Re: Submit Python Beam on Spark Dataproc

Posted by Yu Watanabe <yu...@gmail.com>.

Hello Mahan.

Sorry for the late reply.

> Still waiting for startup of environment from localhost:50000 for worker
id 1-1

From the message , it seems that something is wrong with connection between
Worker node in spark cluster and SDK harness.

According to this slide runner worker (in your context spark worker) ,
should also have connectivity with sdk harness container.

https://docs.google.com/presentation/d/1Cso0XP9dmj77OD9Bd53C1M3W1sPJF0ZnA20gzb2BPhE/edit#slide=id.g42e4c9aad6_1_0

Could you please also try setting ssh tunneling to spark worker node as
well ?

Thanks,
Yu

On Thu, Aug 12, 2021 at 9:07 PM Mahan Hosseinzadeh <ma...@gmail.com>
wrote:

> Thanks Yu for the help and the tips.
>
> I ran the following steps but my job is stuck and can't get submitted to
> Dataproc and I keep getting this message in job-server:
> Still waiting for startup of environment from localhost:50000 for worker
> id 1-1
>
>
> ---------------------------------------------------------------------------------------------------------
> *Beam code:*
> pipeline_options = PipelineOptions([
>             "--runner=PortableRunner",
>             "--job_endpoint=localhost:8099",
>             "--environment_type=EXTERNAL",
>             "--environment_config=localhost:50000"
>         ])
>
> ---------------------------------------------------------------------------------------------------------
> *Job Server:*
> I couldn't use Docker because host networking doesn't work on Mac OS and I
> used Gradle instead
>
> ./gradlew :runners:spark:3:job-server:runShadow
>
> ---------------------------------------------------------------------------------------------------------
> *Beam Worker Pool:*
> docker run -p=50000:50000 apache/beam_python3.7_sdk --worker_pool
>
> ---------------------------------------------------------------------------------------------------------
> *SSH tunnel to the master node:*
> gcloud compute ssh <my-master-node-m> \
>     --project <my-gcp-project> \
>     --zone <my-zone>  \
>     -- -NL 7077:localhost:7077
>
> ---------------------------------------------------------------------------------------------------------
>
> Thanks,
> Mahan
>
> On Tue, Aug 10, 2021 at 3:53 PM Yu Watanabe <yu...@gmail.com> wrote:
>
>> Hello .
>>
>> Would this page help ? I hope it helps.
>>
>> https://beam.apache.org/documentation/runners/spark/
>>
>> > Running on a pre-deployed Spark cluster
>>
>> 1- What's spark-master-url in case of a remote cluster on Dataproc?
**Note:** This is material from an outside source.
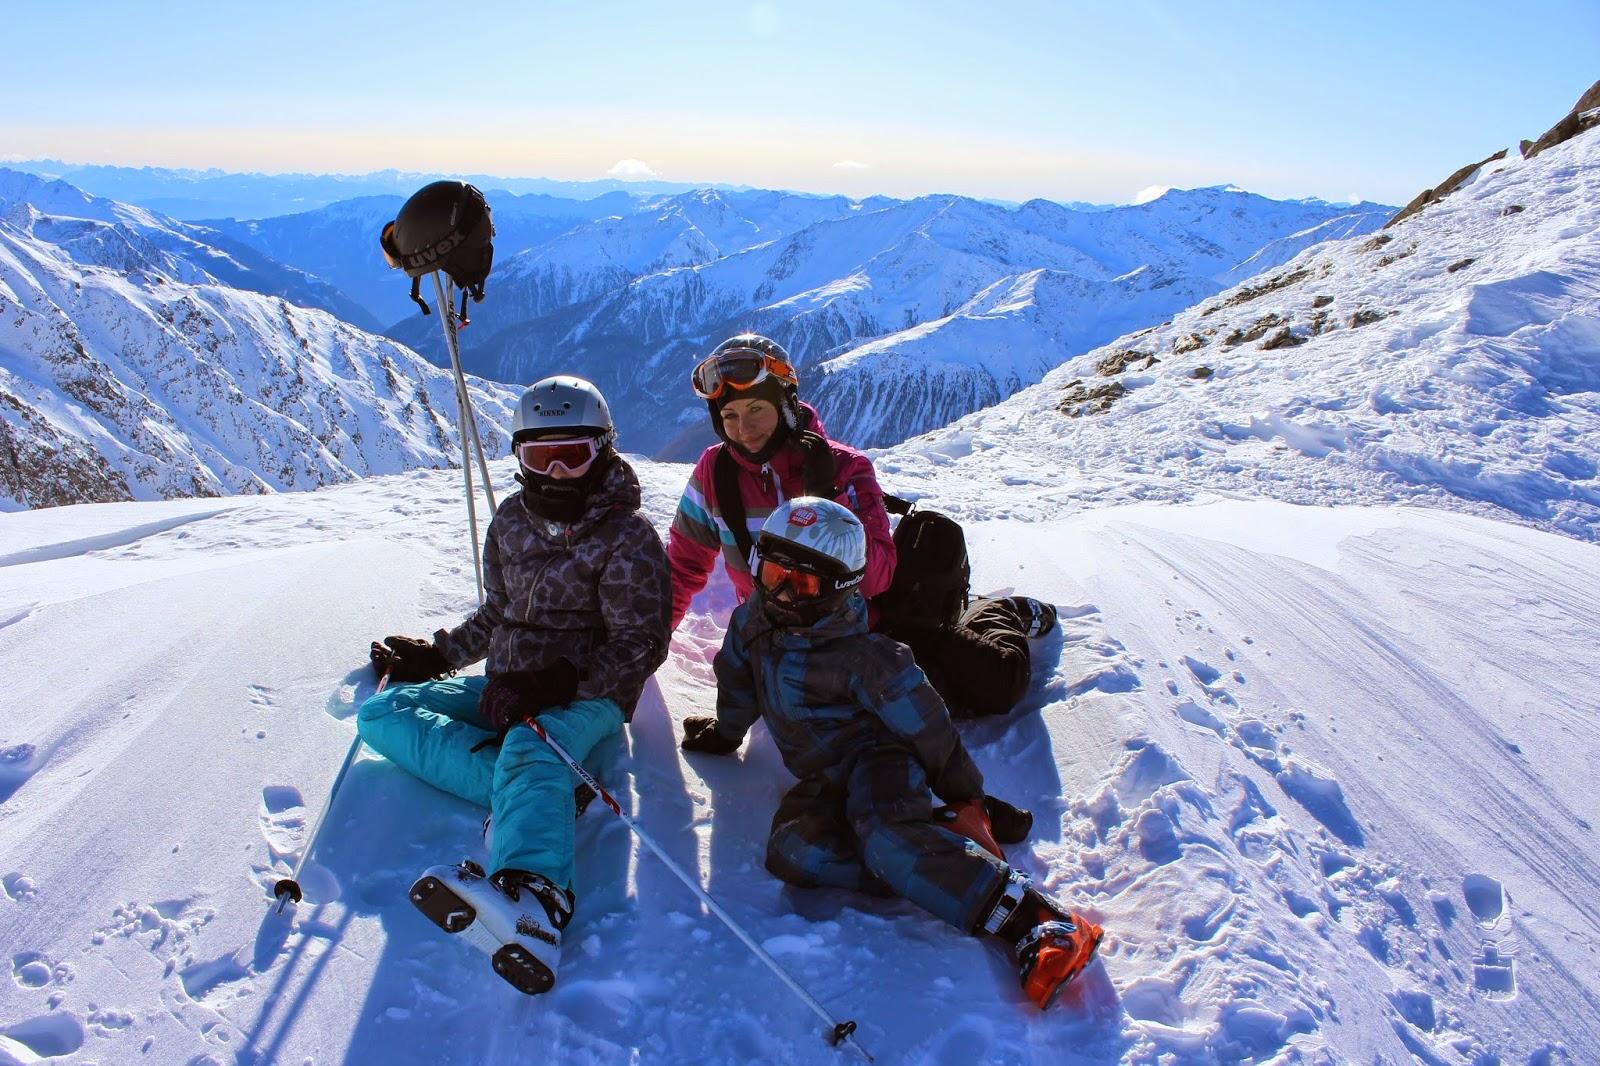 family style, ski style, inspirations ski fashion, szczyt widok góry, mountain

Is
>> 7077 the master url port?
>> * Yes.
>>
>> 2- Should we ssh tunnel to sparkMasterUrl port using gcloud compute ssh?
>> * Job server should be able to communicate with Spark master node port
>> 7077. So I believe it is Yes.
>>
>> 3- What's the environment_type? Can we use DOCKER? Then what's the SDK
>> Harness Configuration?
>> * This is the configuration of how you want  your harness container to
>> spin up.
>>
>> https://beam.apache.org/documentation/runtime/sdk-harness-config/
>>
>> For DOCKER , you will need docker deployed on all spark worker nodes.
>> > User code is executed within a container started on each worker node
>>
>> I used EXTERNAL when I did it with flink cluster before.
>>
>> e.g
>>
>> https://github.com/yuwtennis/apache-beam/blob/master/flink-session-cluster/docker/samples/src/sample.py#L14
>>
>> 4- Should we run the job-server outside of the Dataproc cluster or should
>> we run it in the master node?
>> * Depends. It could be inside or outside the master node. But if you are
>> connecting to full managed service, then outside might be better.
>>
>> https://beam.apache.org/documentation/runners/spark/
>>
>> > Start JobService that will connect with the Spark master
>>
>> Thanks,
>> Yu
>>
>> On Tue, Aug 10, 2021 at 7:53 PM Mahan Hosseinzadeh <ma...@gmail.com>
>> wrote:
>>
>>> Hi,
>>>
>>> I have a Python Beam job that works on Dataflow but we would like to
>>> submit it on a Spark Dataproc cluster with no Flink involvement.
>>> I already spent days but failed to figure out how to use PortableRunner
>>> with the beam_spark_job_server to submit my Python Beam job to Spark
>>> Dataproc. All the Beam docs are about Flink and there is no guideline about
>>> Spark with Dataproc.
>>> Some relevant questions might be:
>>> 1- What's spark-master-url in case of a remote cluster on Dataproc? Is
>>> 7077 the master url port?
>>> 2- Should we ssh tunnel to sparkMasterUrl port using gcloud compute ssh?
>>> 3- What's the environment_type? Can we use DOCKER? Then what's the SDK
>>> Harness Configuration?
>>> 4- Should we run the job-server outside of the Dataproc cluster or
>>> should we run it in the master node?
>>>
>>> Thanks,
>>> Mahan
>>>
>>
>>
>> --
>> Yu Watanabe
>>
>> linkedin: www.linkedin.com/in/yuwatanabe1/
>> twitter:   twitter.com/yuwtennis
>>
>>
>

-- 
Yu Watanabe

linkedin: www.linkedin.com/in/yuwatanabe1/
twitter:   twitter.com/yuwtennis

Re: Submit Python Beam on Spark Dataproc

Posted by Mahan Hosseinzadeh <ma...@gmail.com>.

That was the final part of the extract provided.